Никканен уже должен был знать об этом, он должен был проверить последний сеанс связи Оскара с аэропортом. Сейчас он просто пытался заставить меня говорить правду.

Я рассказал ему, как ждал Оскара на мосту, как, приближаясь к мосту, его самолет внезапно перевернулся вверх шасси, и о бесконечно долгих секундах, в течение которых он пытался в таком положении перелететь через мост, и о тех дополнительных экстра-секундах жизни, которые может себе предоставить только пилот высочайшего класса. Затем я рассказал о том, что с Оскаром был Микко.

— В конце недели я собирался рассчитать Микко, — сообщил я. — Должно быть, он вел переговоры с Оскаром насчет работы. Мне он ничего не говорил — прикинулся больным. Пожалуй, это все, что мне известно.

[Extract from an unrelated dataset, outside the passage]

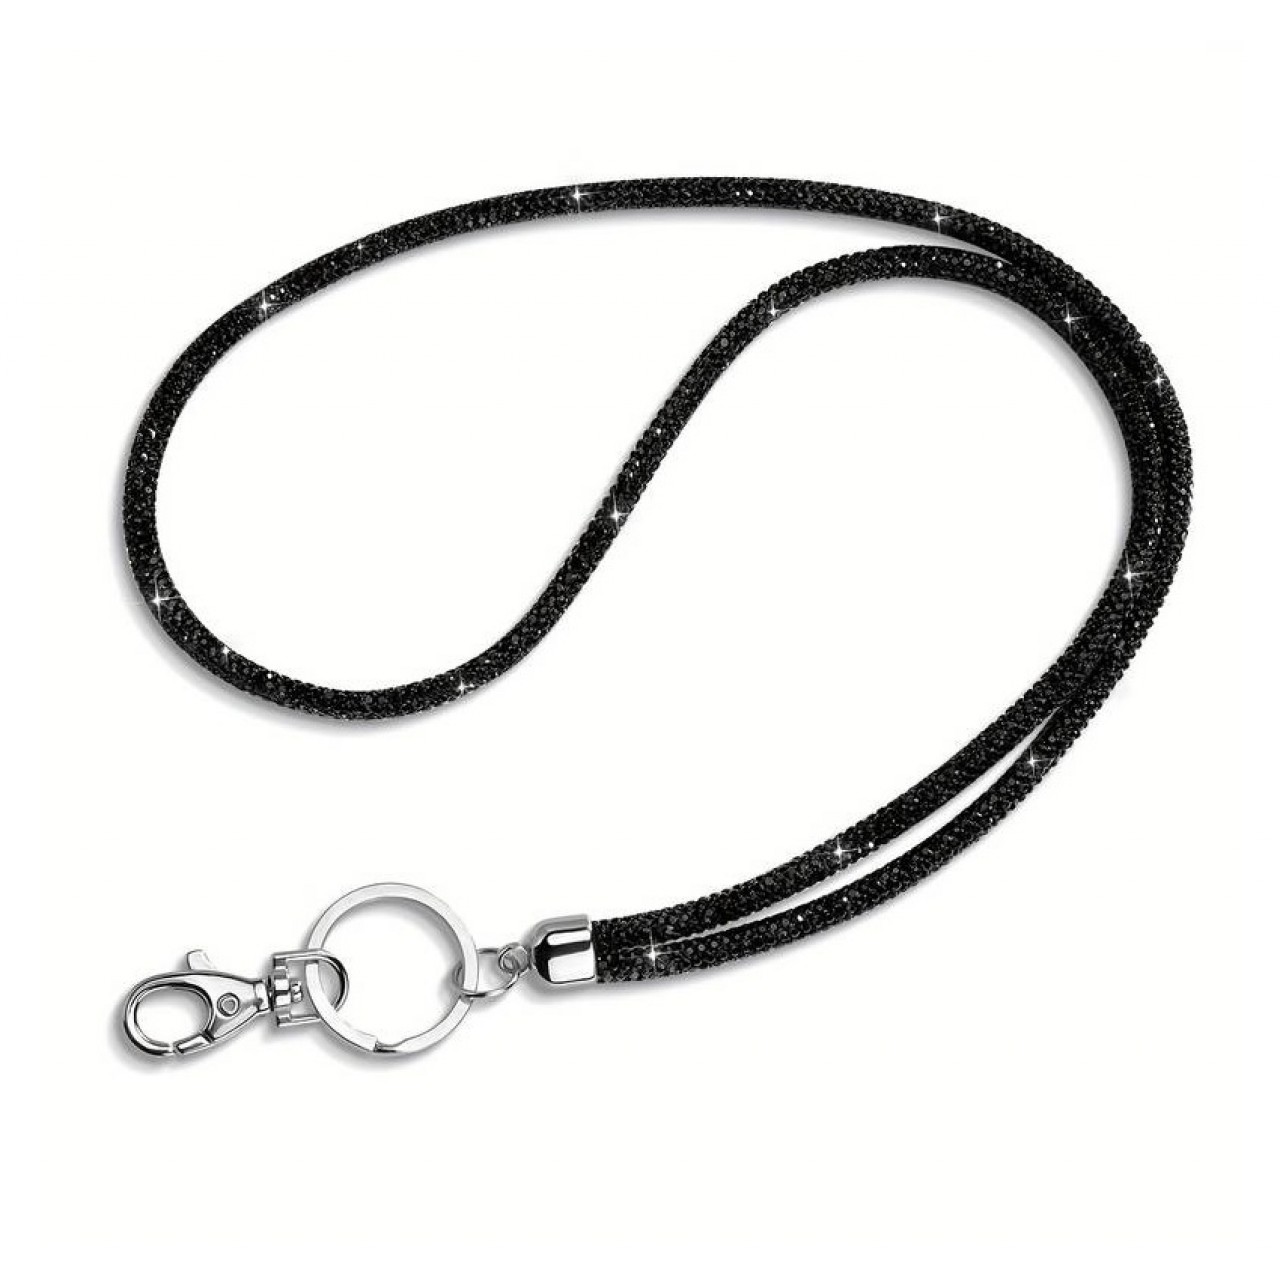 Λουράκι Λαιμού Κινητού Στρας με Μεταλλικό Δαχτυλίδι Μαύρο - Black Mobile Strass Necklace
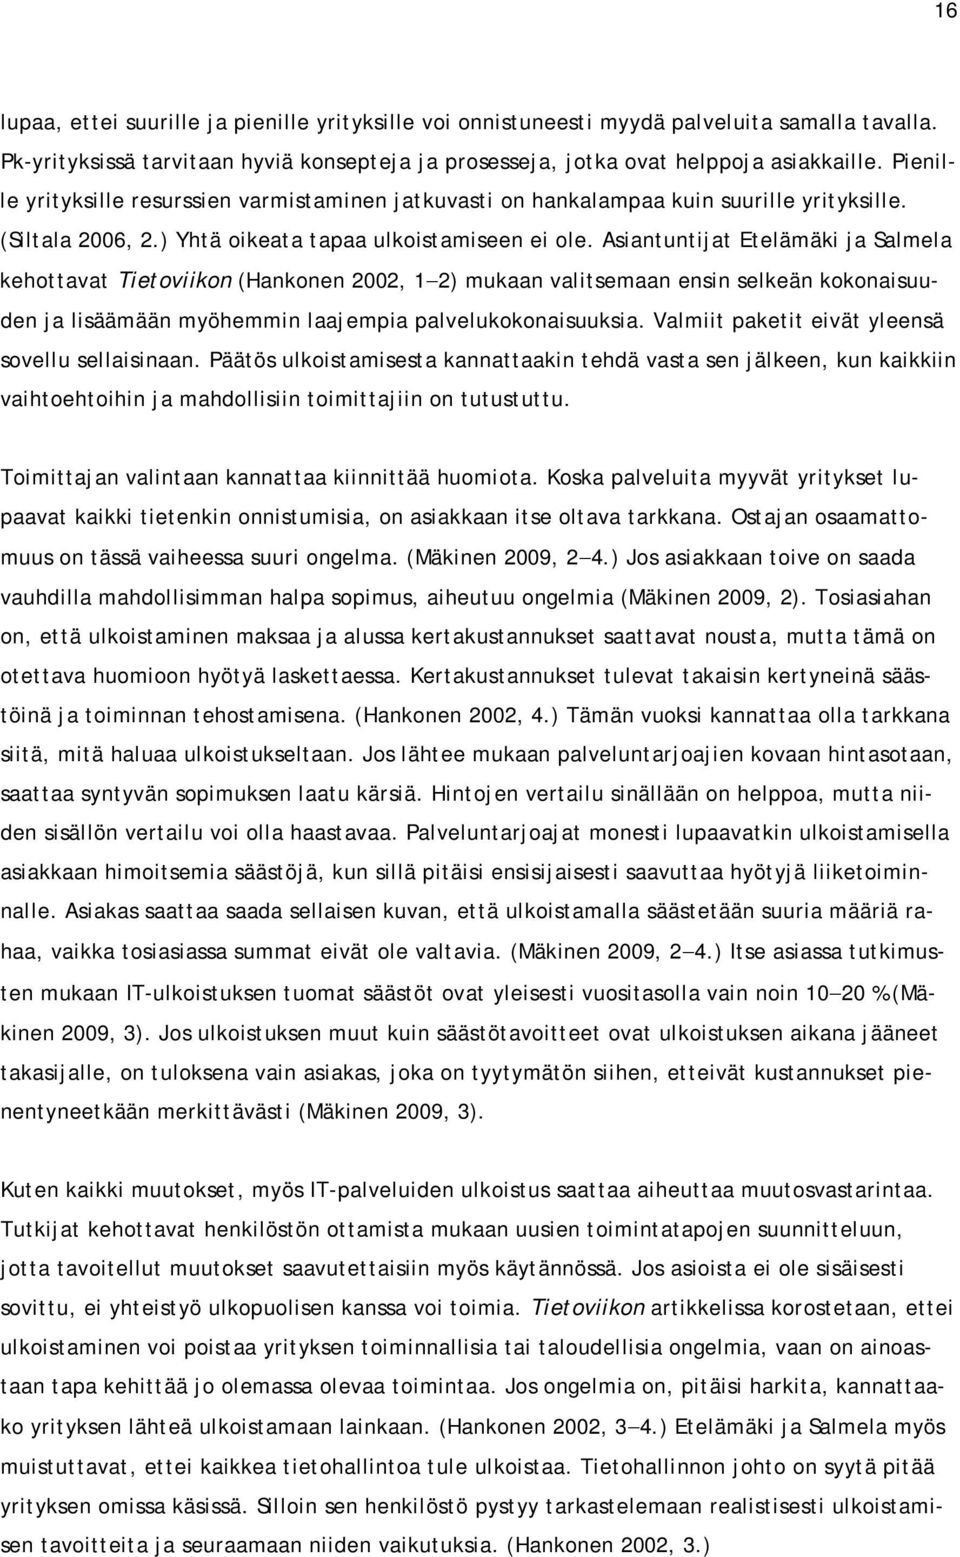 Asiantuntijat Etelämäki ja Salmela kehottavat Tietoviikon (Hankonen 2002, 1 2) mukaan valitsemaan ensin selkeän kokonaisuuden ja lisäämään myöhemmin laajempia palvelukokonaisuuksia.

Но это отнюдь не все, что мне хотелось узнать. Я все еще не понимал, почему Оскару понадобилось брать с собой Микко. Насколько я знаю, авиаразведкой он не занимался и, кроме того, если нуждался в помощнике, то нанял бы его в начале лета, а не в конце сезона. Если подобные же вопросы возникли у Никканена, он не стал меня ими обременять.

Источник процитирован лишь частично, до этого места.